Directions - Beneath this line are entries. Copy the range from the line with "A Saab dealer" to the line with "1242x2688 Fruits Minimalism", ends included, exactly; leave pictures out.

Given records -
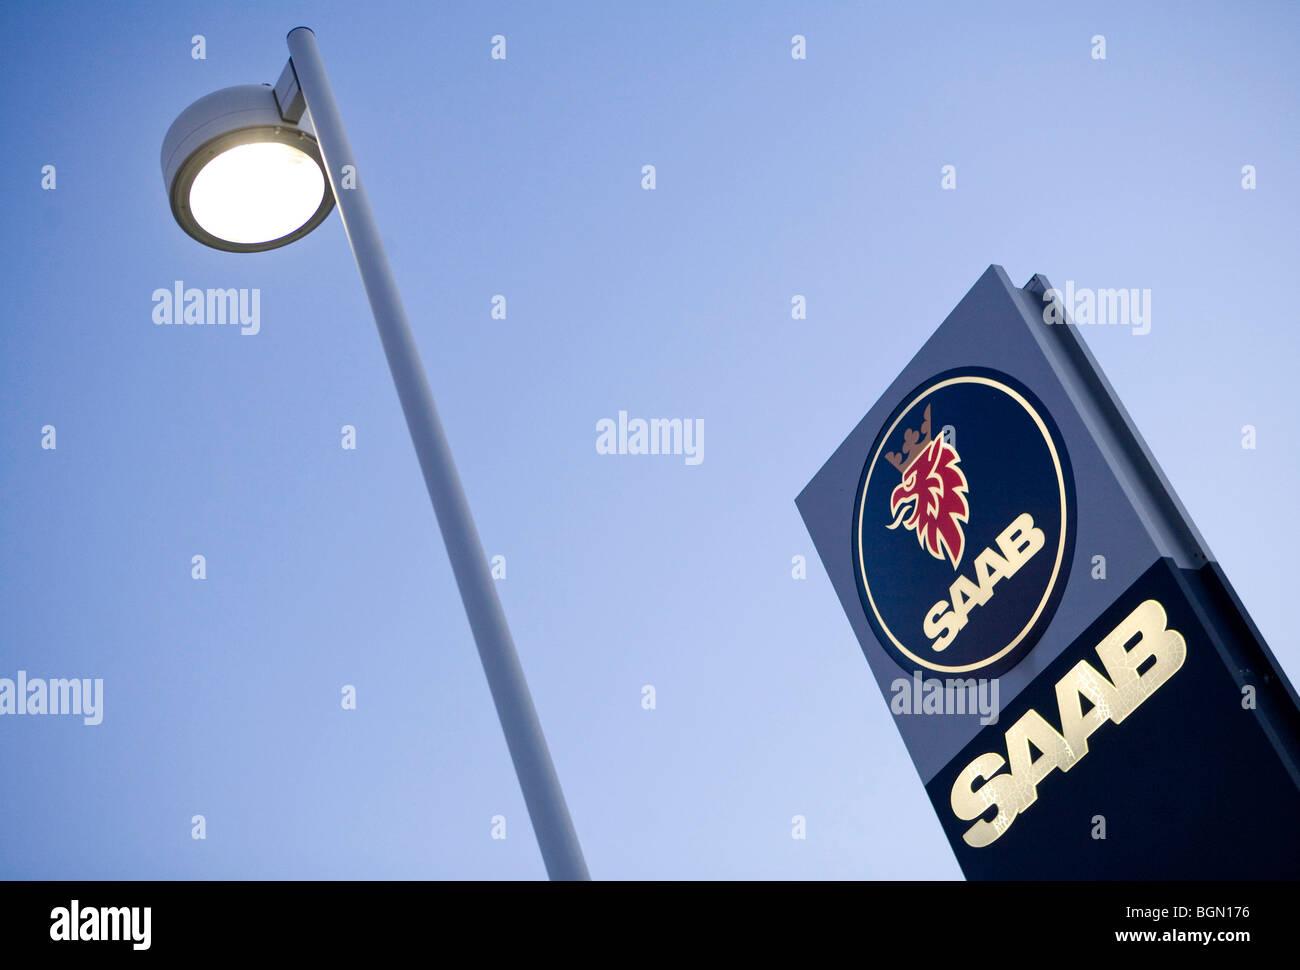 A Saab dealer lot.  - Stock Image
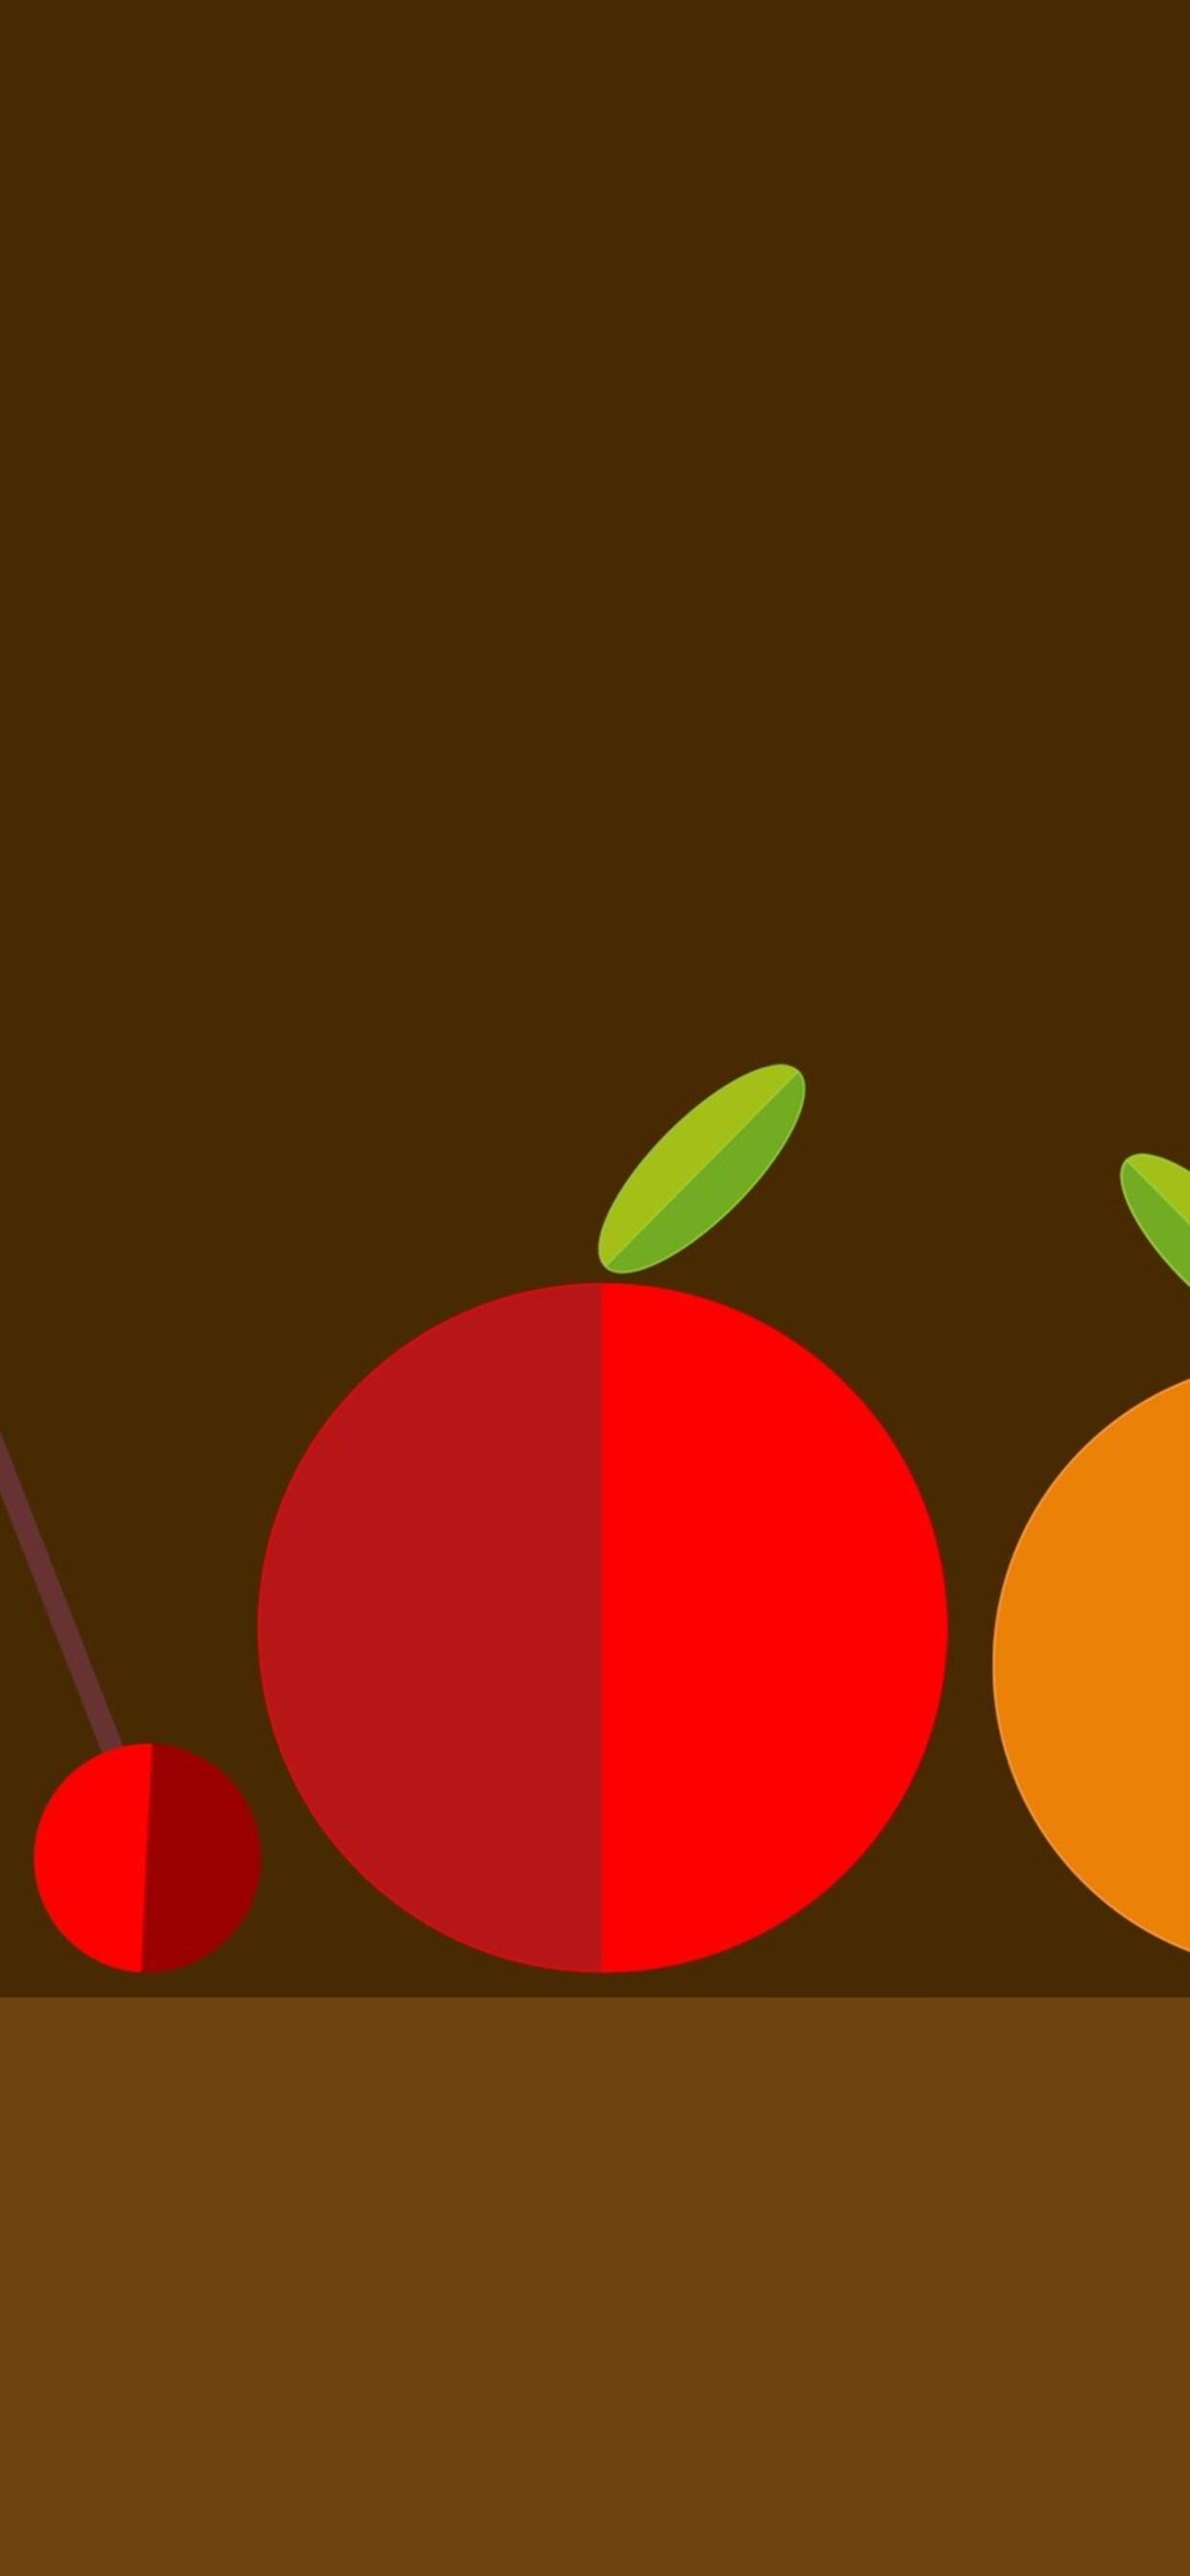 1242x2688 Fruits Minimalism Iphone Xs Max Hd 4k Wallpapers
...
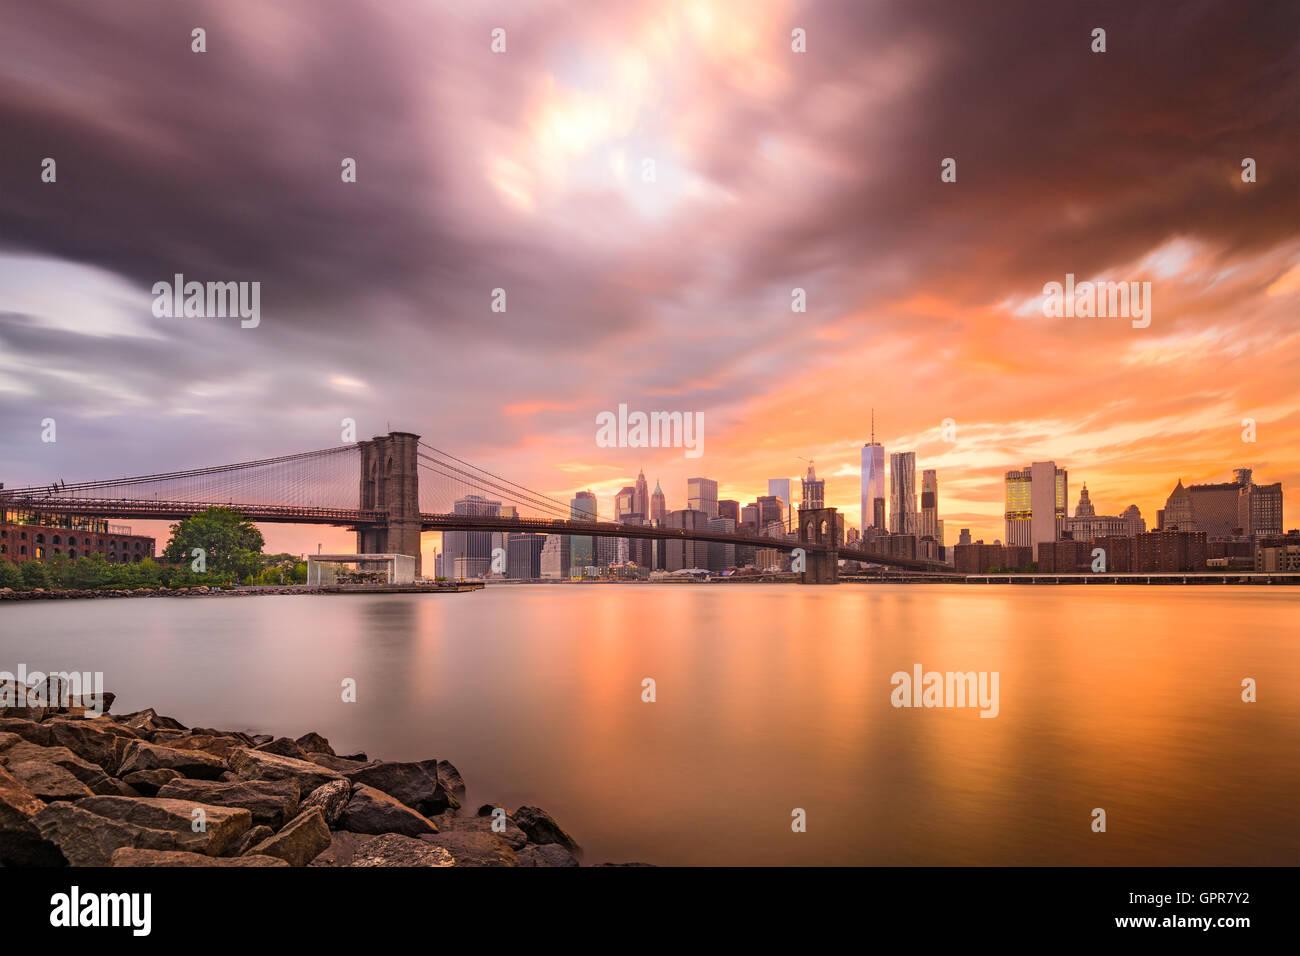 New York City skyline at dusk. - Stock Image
---
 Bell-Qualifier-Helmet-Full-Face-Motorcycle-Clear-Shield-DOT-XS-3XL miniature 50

Result -
 A Saab dealer lot.  - Stock Image
 1242x2688 Fruits Minimalism Iphone Xs Max Hd 4k Wallpapers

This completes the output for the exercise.